Hewes nodded. “Mr. Singh’s four hundred and fifty thousand dollars.” He patted his breast pocket. “Every cent of it!”
“Oh, my aunt!” Jim laughed. “Martin, you’re worth your weight in gold.”
“I am, literally, at the moment,” said Hewes. “By the way, where is the necklace?”
“In an ash can,” said Jim, still laughing. “We’d better hurry before the ash man comes on his rounds.”
“We seem,” said Martin Hewes, “to have done rather well.” He was juggling the little glass bottle back and forth from one hand to the other.
“If you don’t mind,” said Jim, “my nerves have stood enough strain tonight. Just put that bottle somewhere that you’re not apt to drop it.”

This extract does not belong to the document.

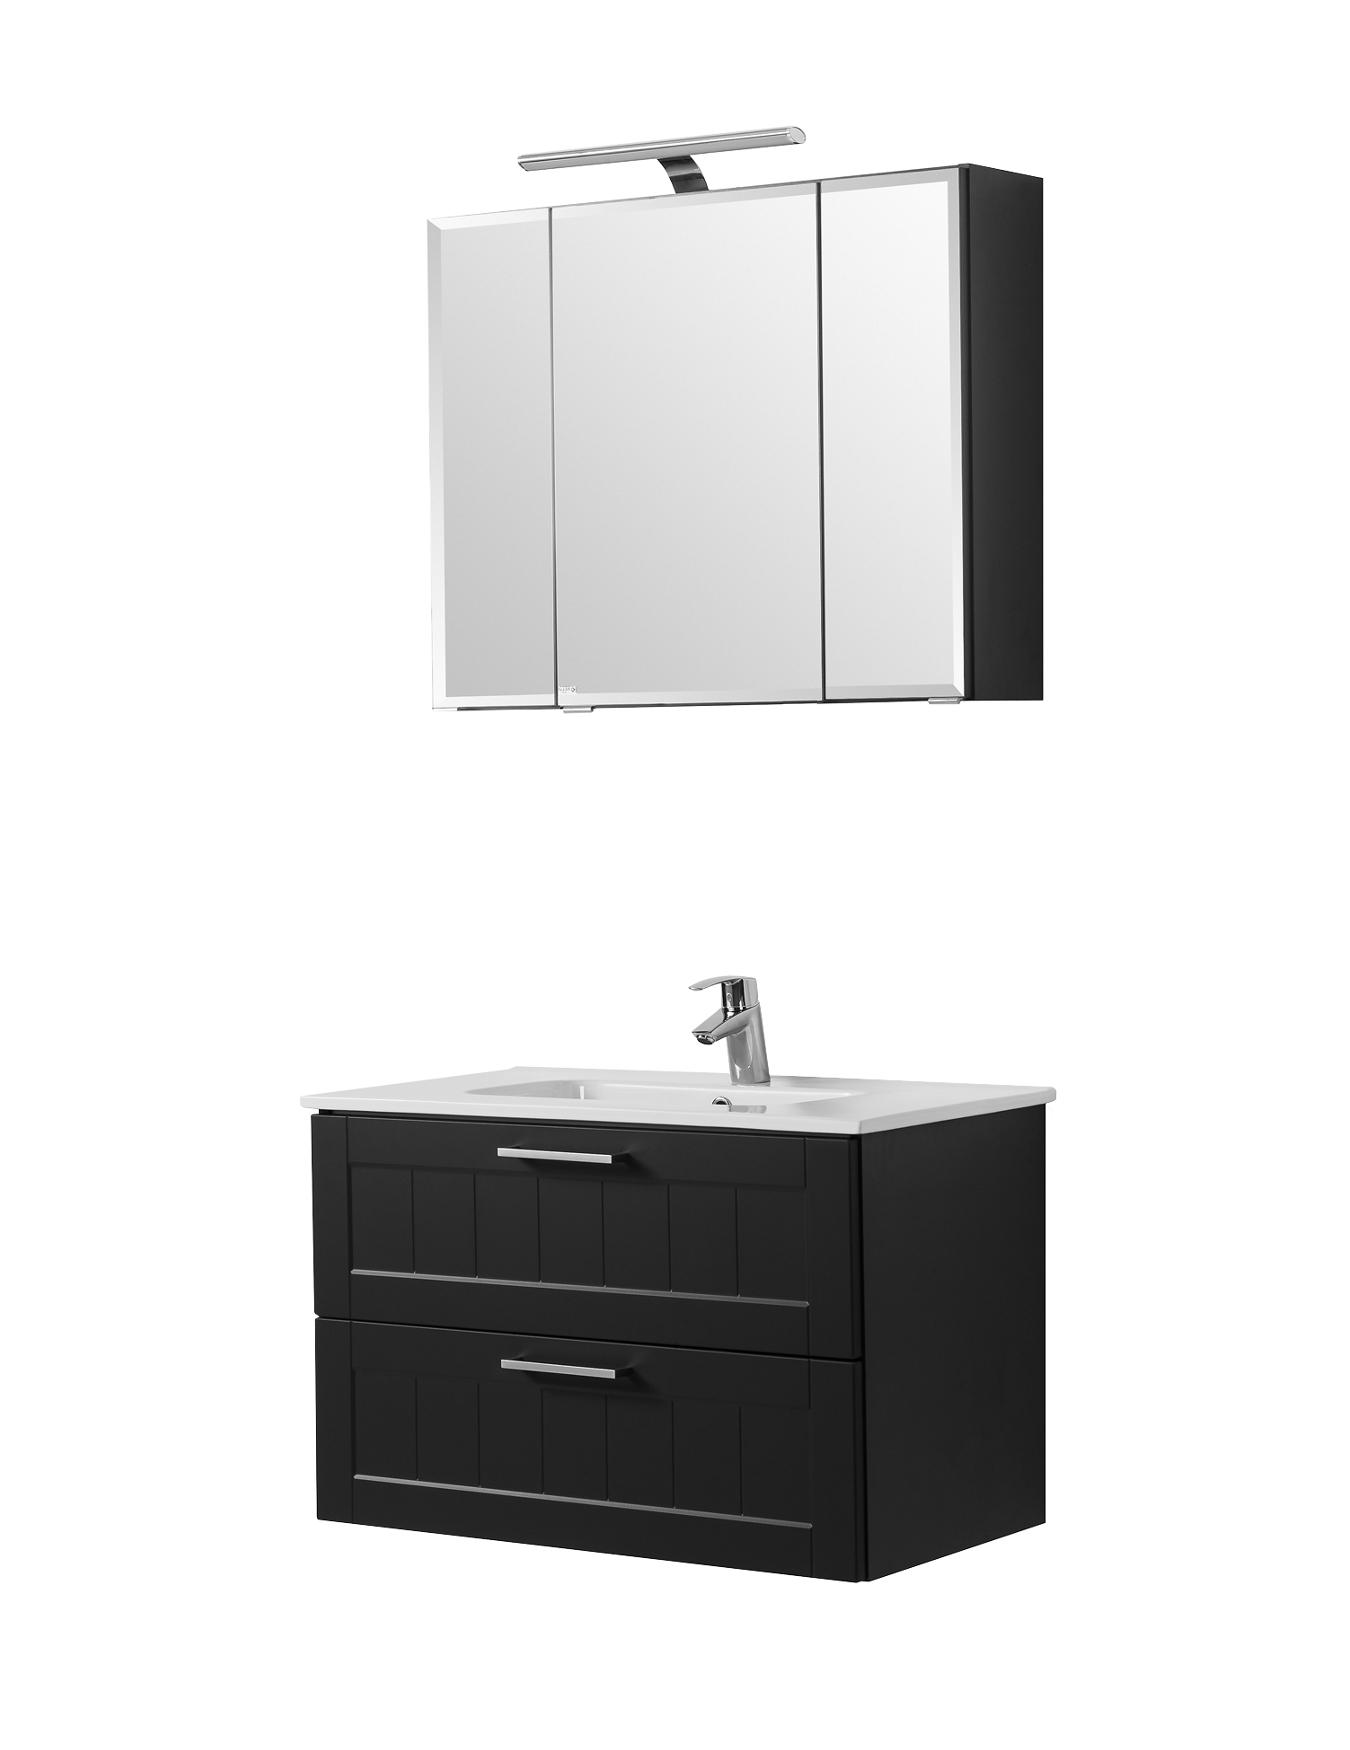 badm bel set barolo mit waschtisch 4 teilig 80 cm breit grau matt bad badm belsets. Black Bedroom Furniture Sets. Home Design Ideas

“This?” Martin Hewes looked surprised. “Did you fall for that too, Jim? Why, there’s nothing in here but good Croton reservoir water. It is true that I had a gun in my hip pocket. But a gun, while it might have killed one or even two of them, would hardly have cowed that gang enough for our purposes. It was necessary to bluff them entirely, or be prepared to try a fight to our mutual deaths. I naturally preferred to bluff — an accomplishment of mine which I have sometimes, I flatter myself, raised to a high art. It worked, as it happens — for which I am really quite thankful.”